Do you habit stack? I hadn’t heard the term habit stacking until this week. Turns out I am a veteran habit stacker. Who knew? The point of habit stacking is to link one habit to another so that your day logically flows from one habit to another. If you don’t make and assign a time to achieve something you want to do, especially something you are uncomfortable or not eager to do, chances are you won’t get to it. This seems particularly germane to New Year’s resolutions. They have a tendency to fall by the wayside after the first week or two of January.
Stacking Studio Time
I find time to work in my studio, because I stack my studio time in with other habits. I have a morning routine beginning with journaling, then breakfast, followed by my exercise du jour and then getting dressed for the day. Monday, Tuesday and Thursday, I head into my studio and basically spend the day working, other than a lunch break. When I end my studio day for dinner, I always know where I left off or what I will start on next. Yes, there has to be some flexibility. I am active volunteer, so often one or two of those days are interrupted by Zoom meetings, but I try to return where I left off prior to the meeting.
Problem Solving Habit
Another habit, although not technically falling under the umbrella of habit stacking, is working out the mechanics of the next phase of my art. This could be how to piece a block, developing the logic route for a quilting motif or what sewing technique to use. Once I’ve nailed down what works best for me, I can do that step (habit) until it is done before moving on to the next step (habit). In other words I cement the step in my mind and muscle memory. Hopefully, I get a little faster and more accurate with each repetition.

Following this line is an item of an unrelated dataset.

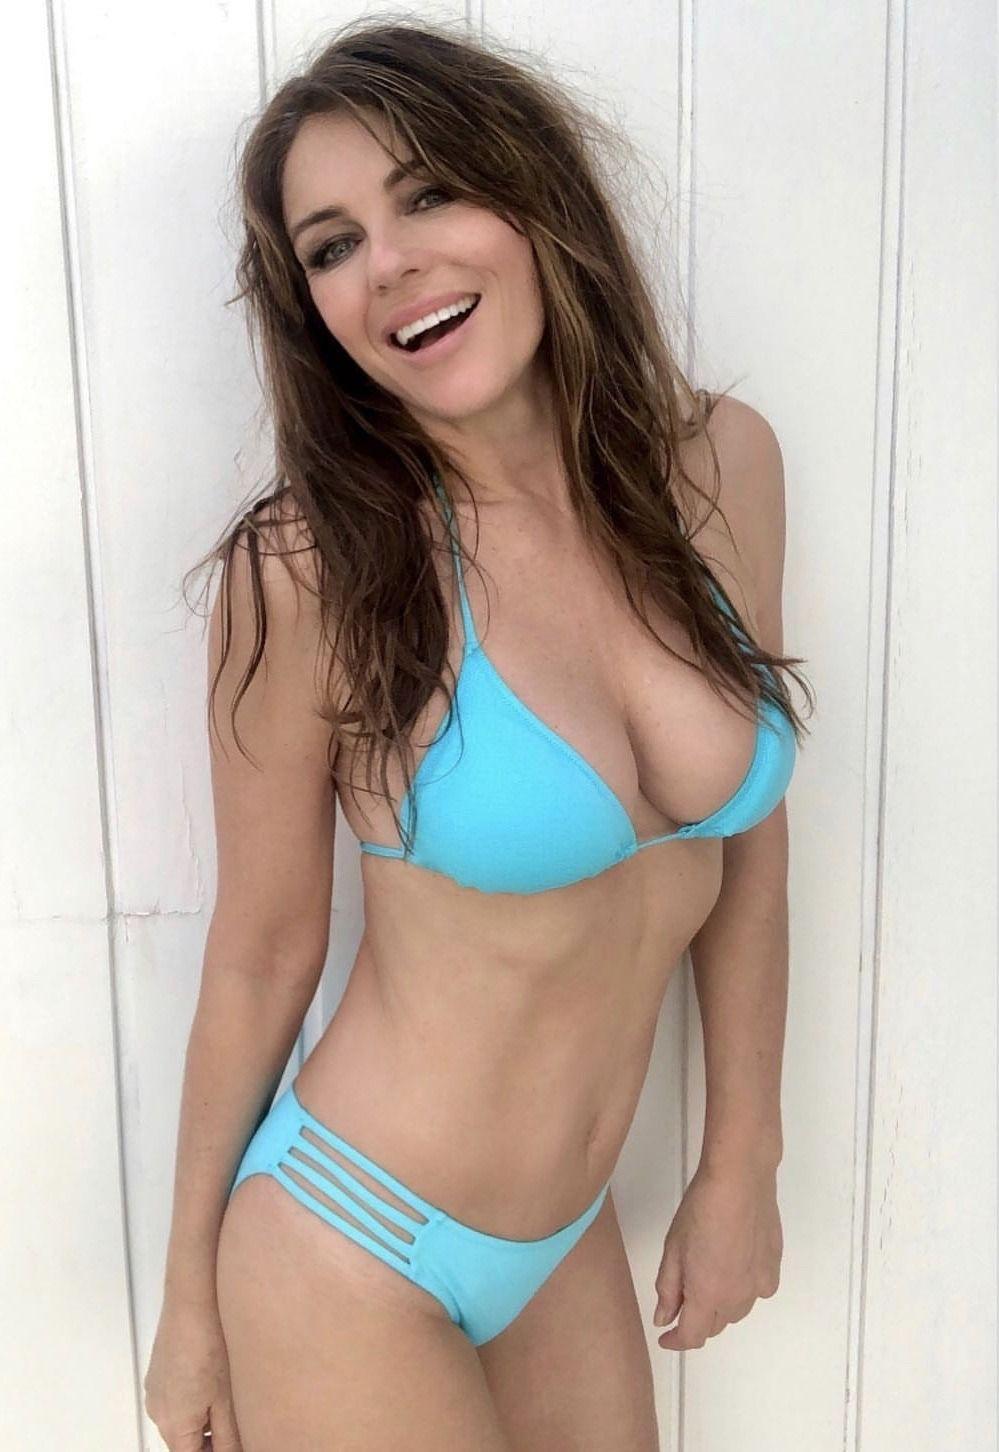 Bikini Goddess Elizabeth Hurley In 2020 Elizabeth Hurley Bikinis Celebrity Bikini Bodies
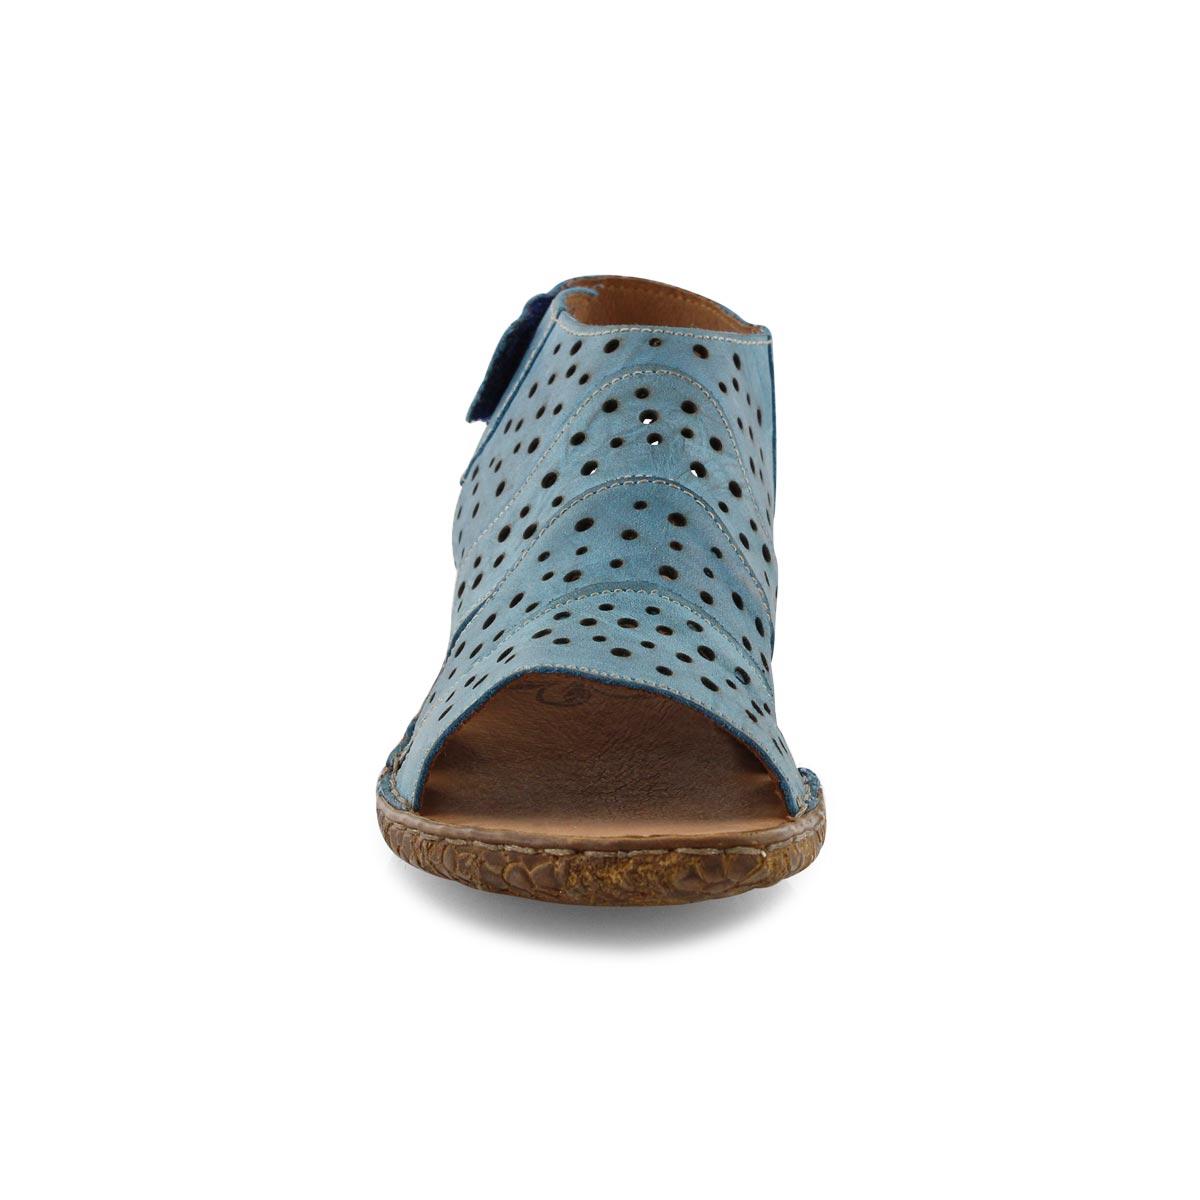 Lds Rosalie 31 azure casual sandal

The quilting motif, although very simple, for Celestial Harmony, has proven to be technically diabolical. This is when I need to take a deep breath, step back and experiment. Precisely what I did this week. I discovered that marking the motif with a #2 pencil on Golden Threads Quilting Paper wasn’t going to work. Why? Because even though the paper tears away easily and the pencil line is removed with the paper in theory, it isn’t 100% removed. The problem is when the needle punctures the pencil line with each stitch, it brings a minuscule piece of that pencil line down into the punctured hole. Not a problem on mid value or darker fabrics, but quite visible on a pale fabric with an equally pale blue thread.
The motif had to be marked for me to execute it. How could I achieve this without the marking detracting from the work? Time to experiment off quilt. If you look at the image above reading RIGHT to LEFT I tried:
- Washing the marking (didn’t remove the pencil and the fabric on the back side bled through).
- Stitching over the motif multiple times. I didn’t like the look and could still see some pencil marks.
- Then I switched marking pencils. If I was going to “see” the pencil, what if I used a less jarring pencil. I selected a light blue soft lead pencil. Good enough.
Now that I was finished solving the problem, I could start quilting. I wonder if habit stacking wasn’t ingrained in my DNA if I would be able to persevere through such hurdles as rapidly as I do.